English turns "You are a teacher" into a question by flipping word order — "Are you a teacher?" Turkish does not flip anything. It keeps the statement intact and adds one small, stressless particle, mI, written as a separate word, and the copular person ending jumps onto mI itself: Öğretmen misin? "Are you a teacher?" This page shows how to ask yes/no questions about "be" sentences — about who someone is, what they're like, and where they are.
The particle mI carries the person ending
This is the fact that surprises every learner, so meet it head-on. In a statement, the person ending sits on the predicate: öğretmensin "you are a teacher." In a question, the predicate goes bare and the person ending moves onto the question particle: öğretmen misin? "are you a teacher?" The particle mI is the new host.
So the structure is Predicate + mI + person-ending, all with the predicate stripped of its ending. Compare the two columns below for the noun öğretmen "teacher":
| Person | Statement | Question |
|---|---|---|
| ben (I) | öğretmenim | öğretmen miyim? |
| sen (you, sg.) | öğretmensin | öğretmen misin? |
| o (he/she/it) | öğretmen | öğretmen mi? |
| biz (we) | öğretmeniz | öğretmen miyiz? |
| siz (you, pl./formal) | öğretmensiniz | öğretmen misiniz? |
| onlar (they) | öğretmenler | öğretmenler mi? |
Look at the ben and biz rows: miyim, miyiz. Because the ending begins with a vowel (-Im, -Iz) and mI ends in a vowel, the buffer y appears: mi + y + im = miyim. The o row is just bare mi — no person ending, because the third person has none. And in the onlar row, the plural -lAr stays on the predicate (öğretmenler) and only mi follows.
Öğretmen misin? Çocuğum senin sınıfında olabilir.
Are you a teacher?

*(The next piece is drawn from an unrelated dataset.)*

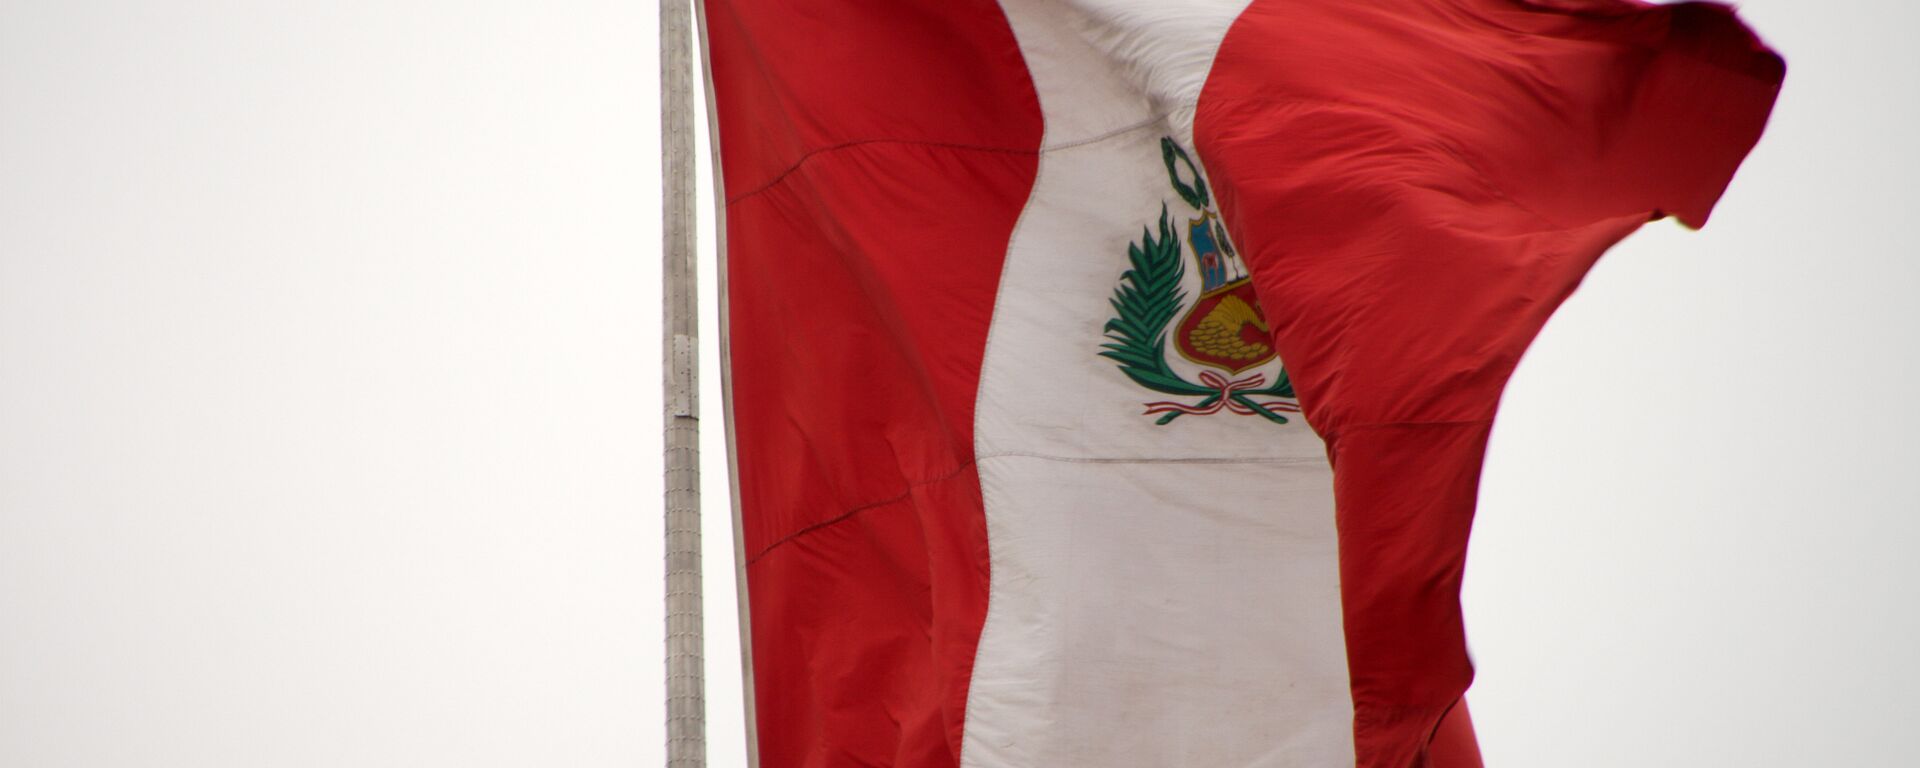 La bandera de Perú - Sputnik Mundo, 1920, 28.09.2022

My child might be in your class.
Ben çok mu sıkıcıyım, doğru söyle.
Am I too boring? Tell me honestly.
Hepiniz hazır mısınız? Otobüs birazdan kalkıyor.
Are you all ready? The bus leaves shortly.
mI is written separately and is stressless
Two practical rules go together here. First, mI is always a separate word in writing: hazır mısın, never hazırmısın. It looks like a suffix, behaves phonologically a bit like one, but orthographically it stands alone. Second, mI is stressless — it never carries the sentence stress. Instead, the stress falls on the syllable immediately before mI, and mI itself is pronounced low and light. This is what makes a Turkish yes/no question sound the way it does, and it is the part English speakers most often get wrong.
Bu senin mi, yoksa kardeşinin mi?
Is this yours, or your brother's?
Yorgun musunuz? İsterseniz biraz mola verelim.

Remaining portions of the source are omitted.